Who‘s in the Middle

Time Limit: 2000/1000 MS (Java/Others)    Memory Limit: 65536/32768 K (Java/Others)

Problem Description

FJ is surveying his herd to find the most average cow. He wants to know how much milk this ‘median‘ cow gives: half of the cows give as much or more than the median; half give as much or less.

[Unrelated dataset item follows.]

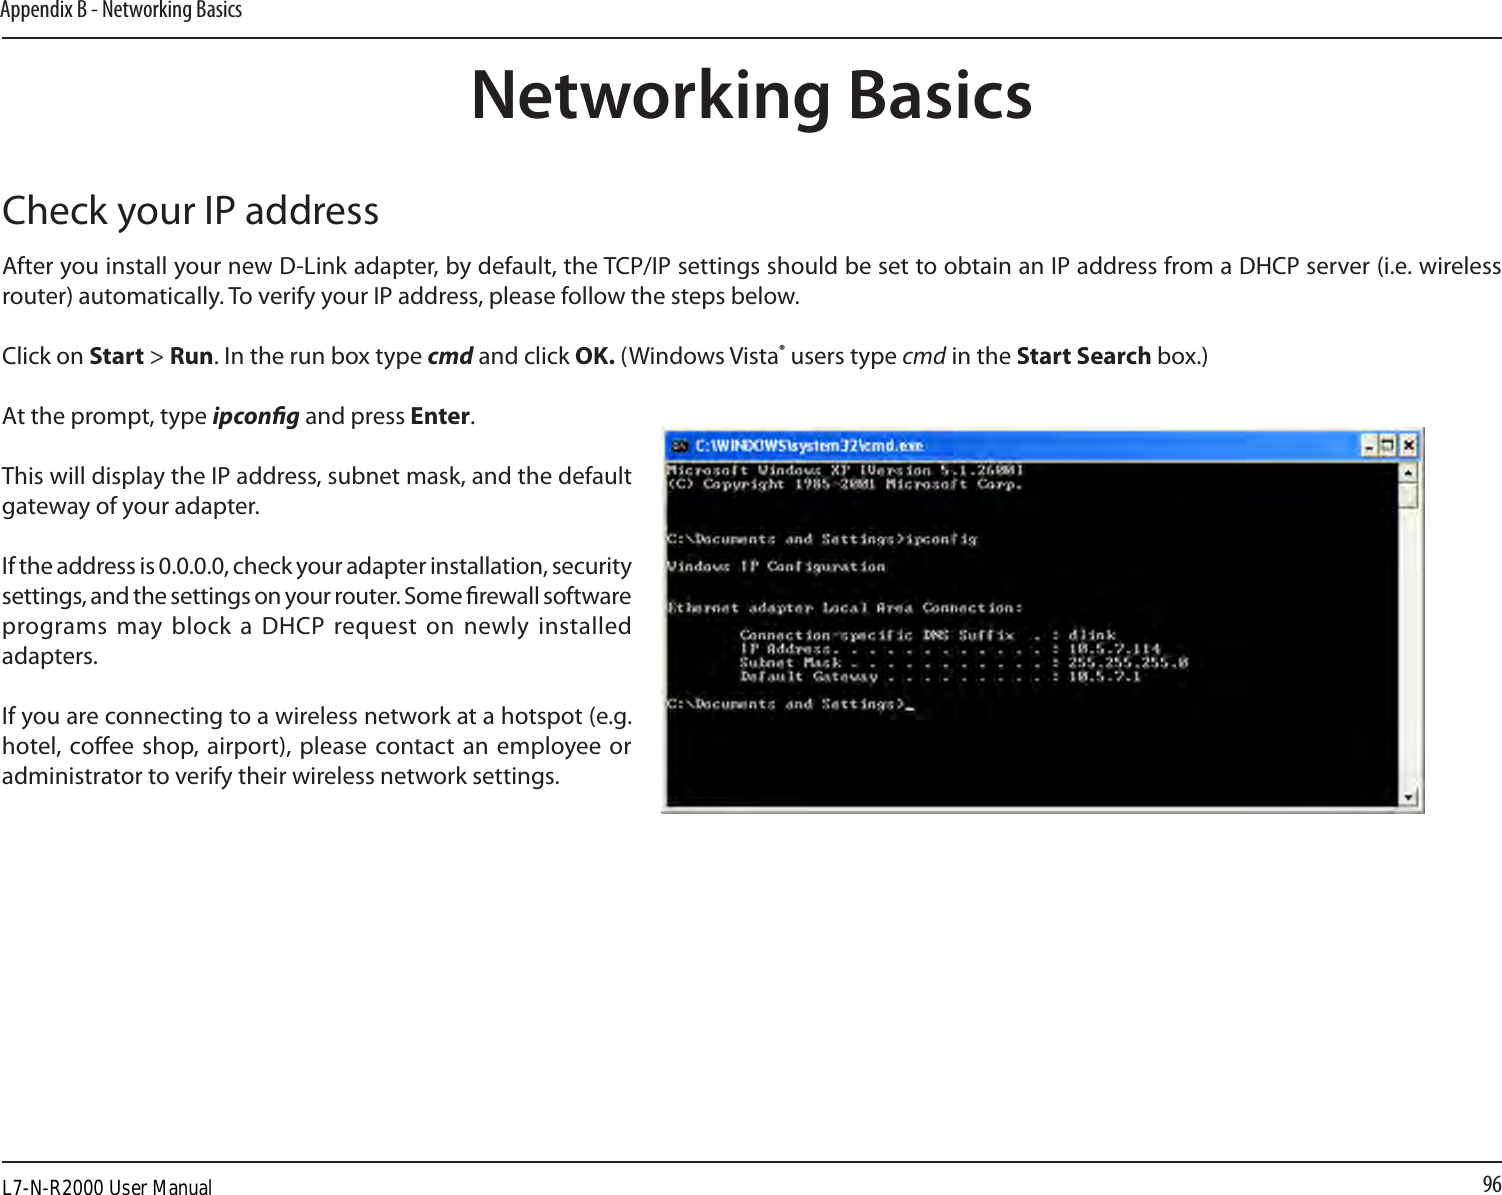 96Appendix B - Networking BasicsNetworking BasicsCheck your IP addressAfter you install your new D-Link adapter, by default, the TCP/IP settings should be set to obtain an IP address from a DHCP server (i.e. wireless router) automatically. To verify your IP address, please follow the steps below.Click on Start &gt; Run. In the run box type cmd and click OK. (Windows Vista® users type cmd in the Start Search box.)At the prompt, type ipcong and press Enter.This will display the IP address, subnet mask, and the default gateway of your adapter.If the address is 0.0.0.0, check your adapter installation, security settings, and the settings on your router. Some rewall software programs may block  a DHCP request on  newly installed adapters. If you are connecting to a wireless network at a hotspot (e.g. hotel, coee shop, airport), please  contact an employee  or administrator to verify their wireless network settings.L7-N-R2000 User Manual

Given an odd number of cows N (1 <= N < 10,000) and their milk output (1..1,000,000), find the median amount of milk given such that at least half the cows give the same amount of milk or more and at least half give the same or less.

Input

* Line 1: A single integer N

* Lines 2..N+1: Each line contains a single integer that is the milk output of one cow.

Output

* Line 1: A single integer that is the median milk output.

Sample Input

5
2
4
1
3
5

Sample Output

3

Hint

INPUT DETAILS: 

Five cows with milk outputs of 1..5 

OUTPUT DETAILS: 

1 and 2 are below 3; 4 and 5 are above 3.

就是奇数个数字，求中位数，排序下，即可

#include<iostream>
#include<stdio.h>
#include<string.h>
int a[10010];
using namespace std;
void Swap(int *a,int *b){
    int t=*a;
    *a=*b;
    *b=t;
}
int partition(int a[],int l,int h){
    int v = a[l];
    int i=l;
    int j=h+1;
    while(true){
        while(a[++i]<v)if(i==h)break;
        while(v<a[--j])if(j==l)break;
        if(i>=j)break;
        Swap(&a[i],&a[j]);
    }
    Swap(&a[l],&a[j]);
    return j;
}
void quick_sort(int a[],int l,int h){
    if(h<=l)return ;
    int j=partition(a,l,h);
    quick_sort(a,l,j-1);//左边
    quick_sort(a,j+1,h);//右边
}
int main(int argc, char *argv[])
{
    //freopen("1157.in","r",stdin);
    int N;
    int i;
    while(scanf("%d",&N)!=EOF)
    {
        i=0;
        for(i=0;i<N;++i)
            scanf("%d",&a[i]);
        quick_sort(a, 0, N-1);
        printf("%d\n",a[N/2]);
    }
    return 0;
}

注意事项：partition一定要有返回值！！！别糊涂了，此外，partition确定后，排前面的，和后面的即可，即j-1，j+1

HDU 1157 Who's in the Middle （快速排序 or 任意排序）